It’s great in the lab, but will it actually work? That’s the million-dollar question perpetually leveled at engineering researchers. For a family of layered nanomaterials, developed and studied at Drexel University — and heralded as the future of energy storage — that answer is now, yes.
For some time, researchers have been working on using two-dimensional materials, atomically thin nanomaterials, as components for faster-charging, longer-lasting batteries and supercapacitors. But the problem with the existing techniques for doing so are that when the thickness of the material layer is increased to about 100 microns — roughly the width of a human hair, which is the industry standard for energy storage devices — the materials lose their functionality.
Recently published research from Drexel and the University of Pennsylvania, shows a new technique for manipulating two-dimensional materials that allows them to be shaped into films of a practically usable thickness, while maintaining the properties that make them exceptional candidates for use in supercapacitor electrodes.
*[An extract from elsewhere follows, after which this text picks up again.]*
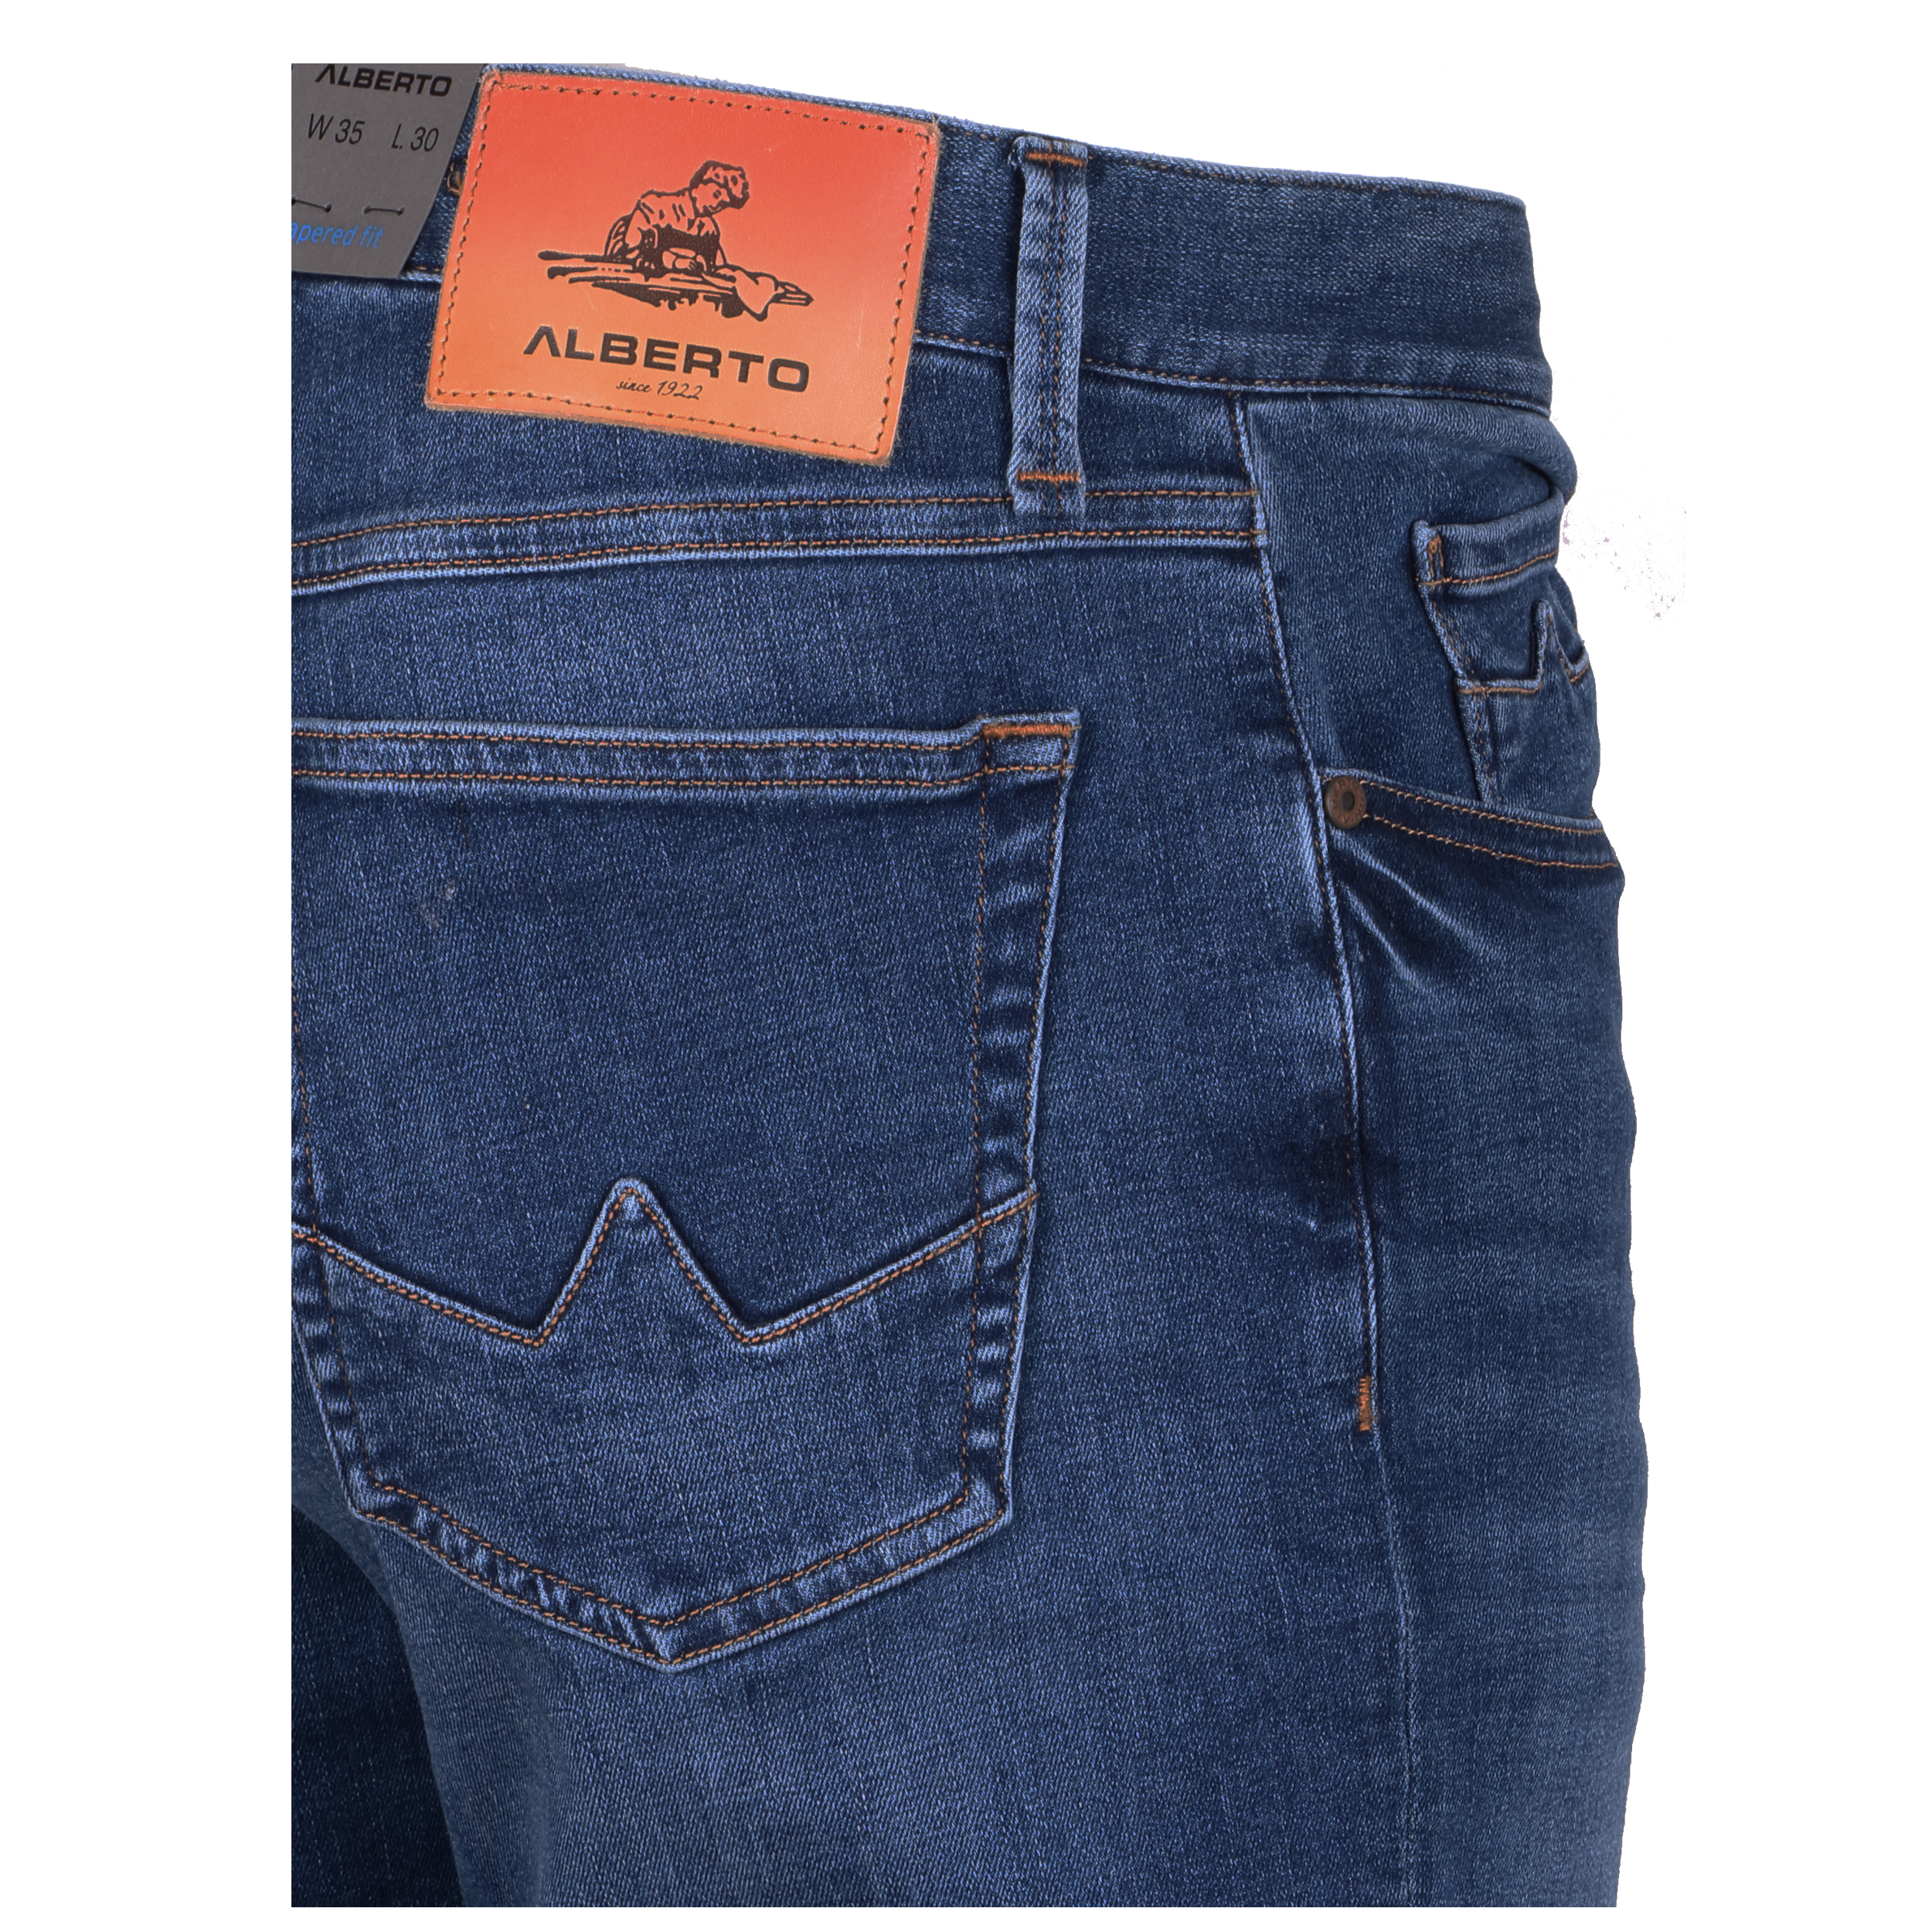 Alberto Herren Jeans Slipe tapered fit - blau 33/30
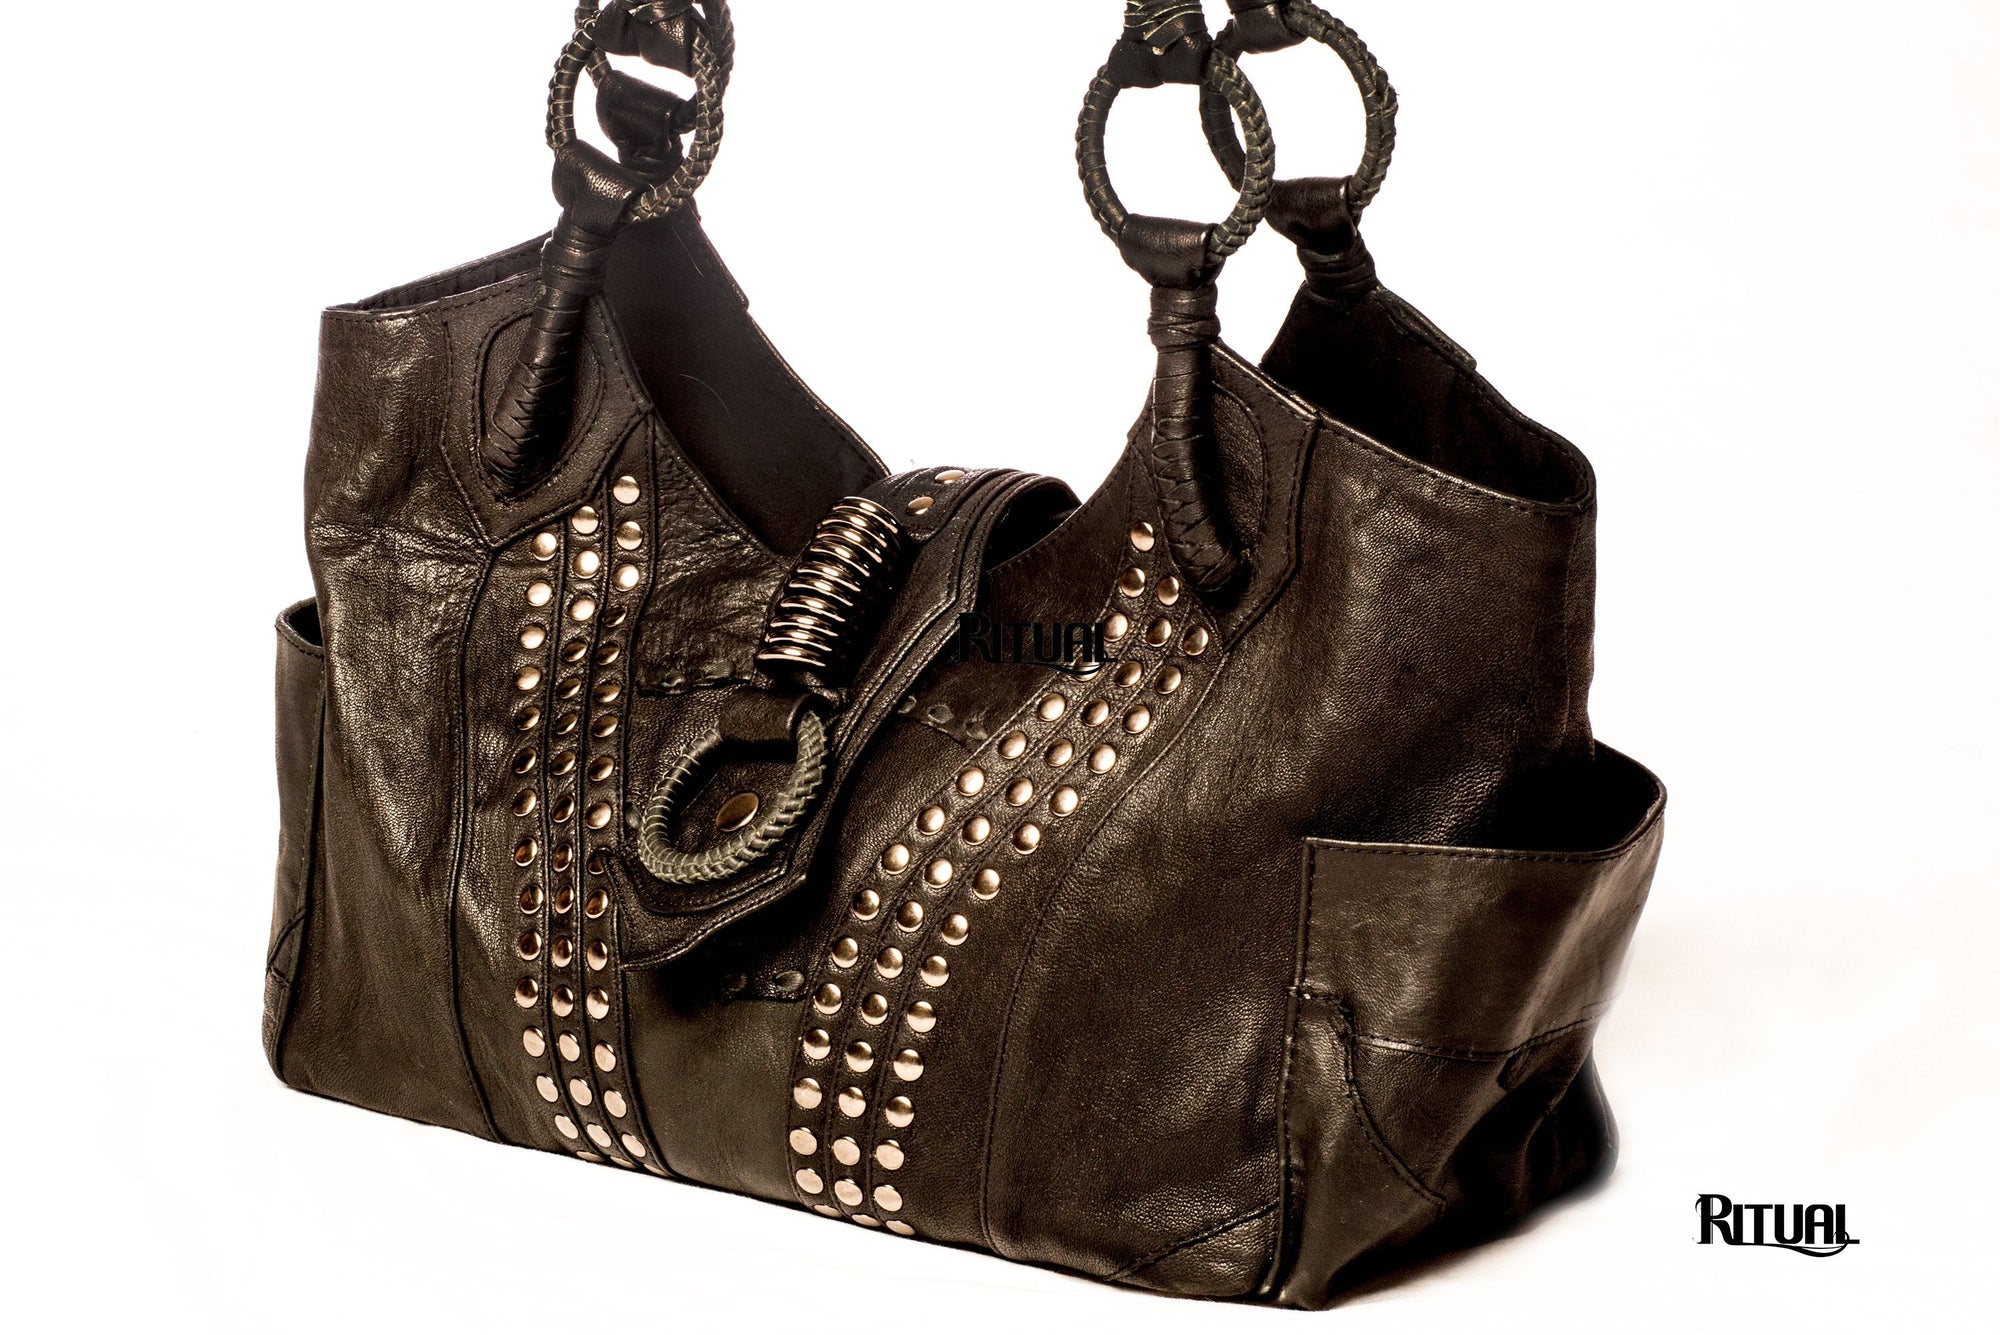 The Spellbound Handbag

The study, published in the journal Nature, focuses on using soft materials — similar to those in the liquid crystal displays of phones and televisions — as a guide for self-assembly of MXene sheets. MXenes, are a class of nanomaterials discovered at Drexel in 2011, that are particularly well-suited for energy storage.
“Our method relies on a marriage between soft material assembly and functional 2-D nanomaterials,” said Yury Gogotsi, PhD, Distinguished University and Bach professor in Drexel’s College of Engineering, who was a co-author of the research. “The resulting electrode films show rapid ion transport, outstanding rate handling, and charge storage equal to or exceeding commercial carbon electrodes.”